|By Patrick Crutcher|
|Monday, 27 December 2010 01:02|
Their Phase 3 study evaluated the response of two patient groups receiving CORLUX, those patients who were glucose intolerant and those who were hypertensive. Corcept saw statistically significant improvements in the primary endpoint for both groups, with 60% responding in the glucose intolerant group and 43% in the hypertensive group. CORLUX was well-tolerated and appears to offer these patients some hope. Note that 90% of the patients who completed the Phase 3 study opted to enter the long-term extension study. Data on the secondary endpoint(global clinical improvement) is expected to be available in the first quarter of 2011. For orphan diseases like Cushing’s, secondary endpoints are very important and if CORLUX still demonstrates efficacy, it will lower the regulatory risk and make their program much more attractive.
Joseph Belanoff, M.D., Chief Executive Officer of Corcept said, “We remain on track to submit a New Drug Application (NDA) to the FDA for CORLUX in Cushing’s Syndrome by the end of the first quarter of 2011 and continue to work toward our goal of making CORLUX available to patients with this severe disease.”

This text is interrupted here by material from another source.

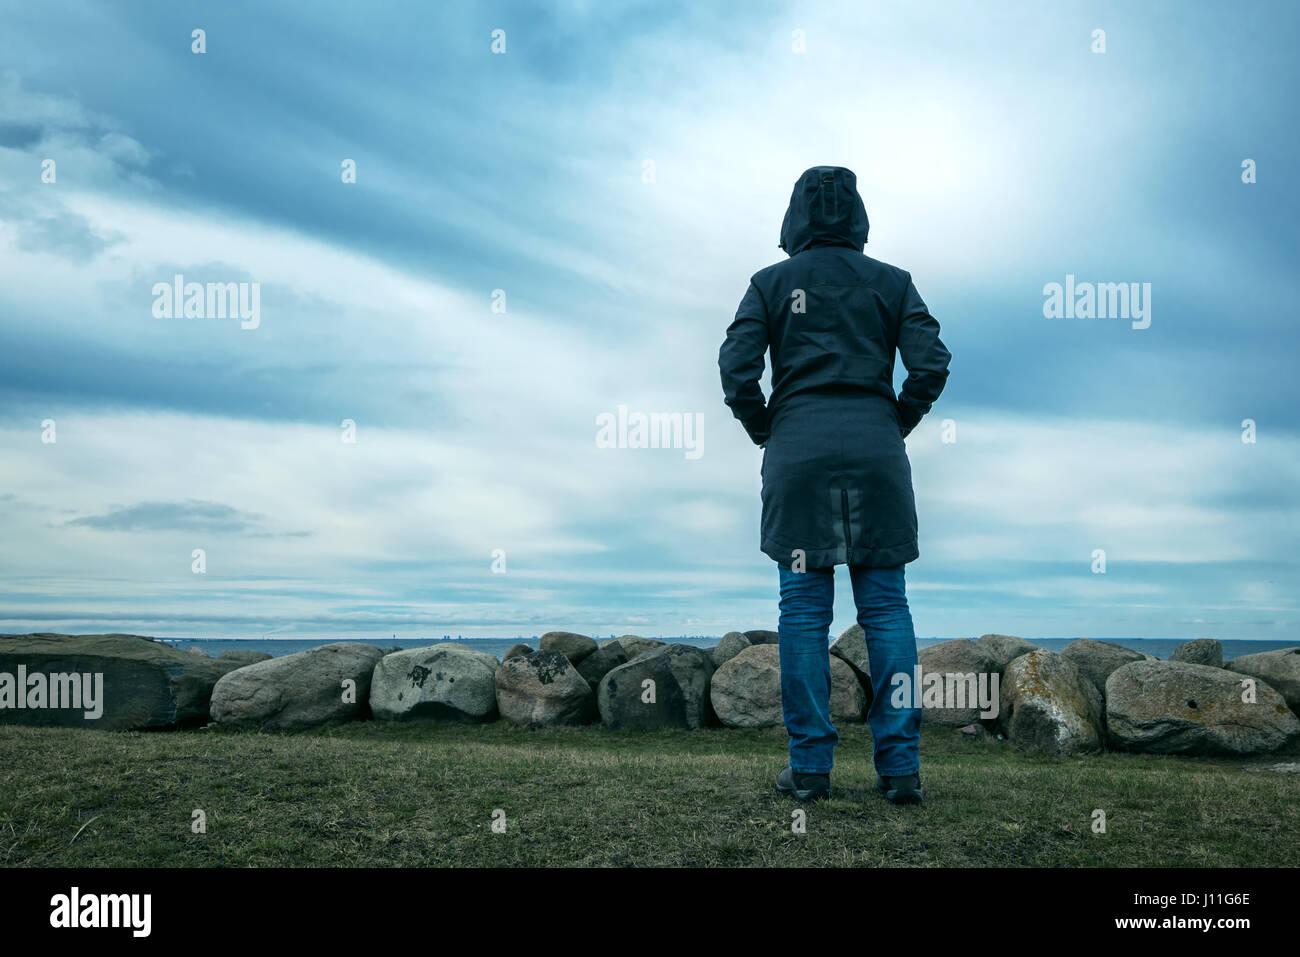 Lonely encapuchado persona femenina desde detrás de pie en la orilla y mirando en la distancia en un frío Imagen De Stock

CORLUX was granted Orphan Drug Designation by the FDA for the treatment of endogenous Cushing's Syndrome in 2007. With Orphan Drug Designation, Corcept will have seven years of marketing exclusivity from the date of drug approval and other economic benefits that will help them out a great deal. Reuters reported that Corlux could see $230 to $300 million in peak sales of Corlux, based on estimates from Global Hunter Securities' Kimberly Lee and Stifel Nicolaus' Annabel Samimy. Corcept will also be able to charge a premium for CORLUX and has little competition, since Novartis’ drug had some serious metabolic side effects(see link) that will likely end that program. Safety data wasn’t available with the topline results, but it’s positive to hear that most “of the serious adverse events (SAEs) reported in the study were not related to CORLUX treatment, as determined by the clinical investigators.” We will have to wait and see the complete safety analysis until then.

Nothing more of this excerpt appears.